— Task —
Only a slice of the listing below is wanted. Retype the lines from the one containing "harness yamaha wiring" through the one containing "Hyundai i40 Wagon, 1,6", exactly, both ends included.

— Material shown —
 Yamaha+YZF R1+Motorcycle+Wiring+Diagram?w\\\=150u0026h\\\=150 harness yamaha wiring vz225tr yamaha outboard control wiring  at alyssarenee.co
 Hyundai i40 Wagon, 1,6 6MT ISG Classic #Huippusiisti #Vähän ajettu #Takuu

--

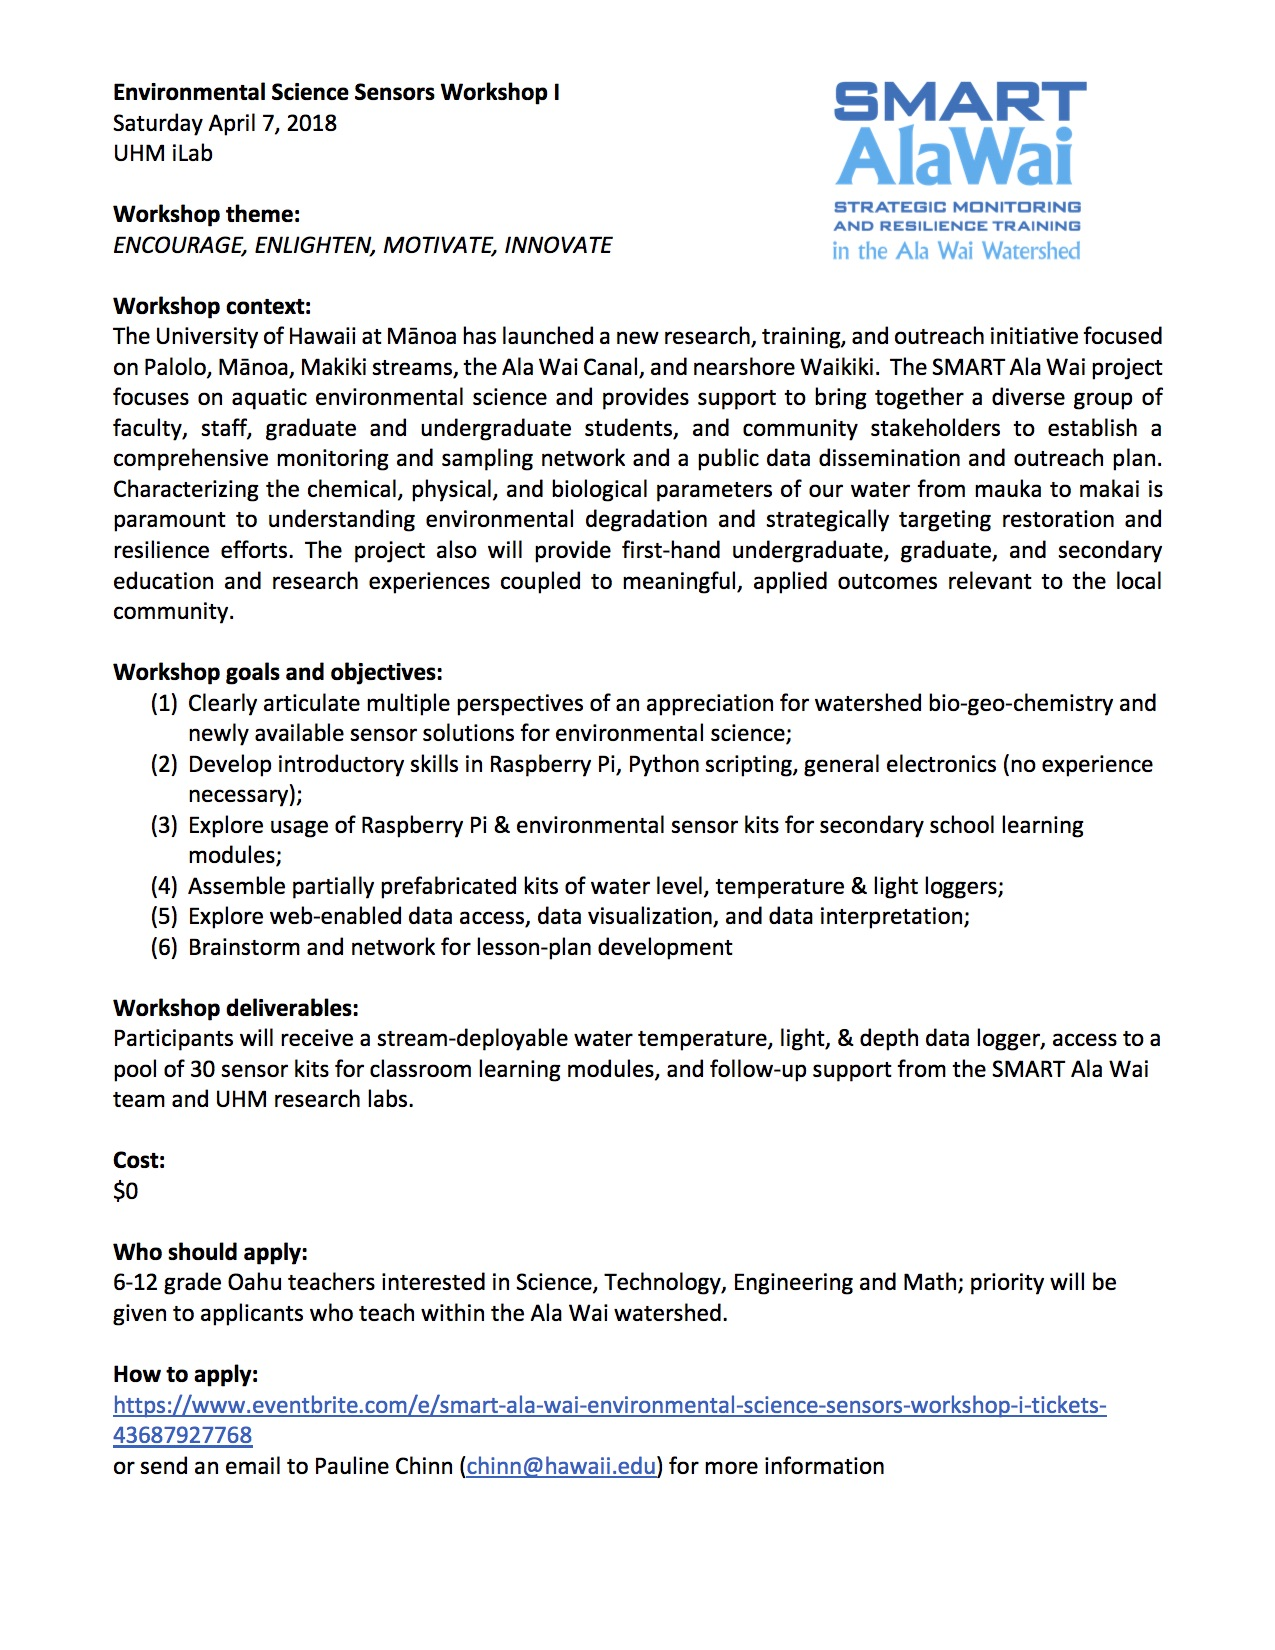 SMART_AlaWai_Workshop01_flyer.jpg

— Response to the task —
 Yamaha+YZF R1+Motorcycle+Wiring+Diagram?w\\\=150u0026h\\\=150 harness yamaha wiring vz225tr yamaha outboard control wiring  at alyssarenee.co
 Hyundai i40 Wagon, 1,6 6MT ISG Classic #Huippusiisti #Vähän ajettu #Takuu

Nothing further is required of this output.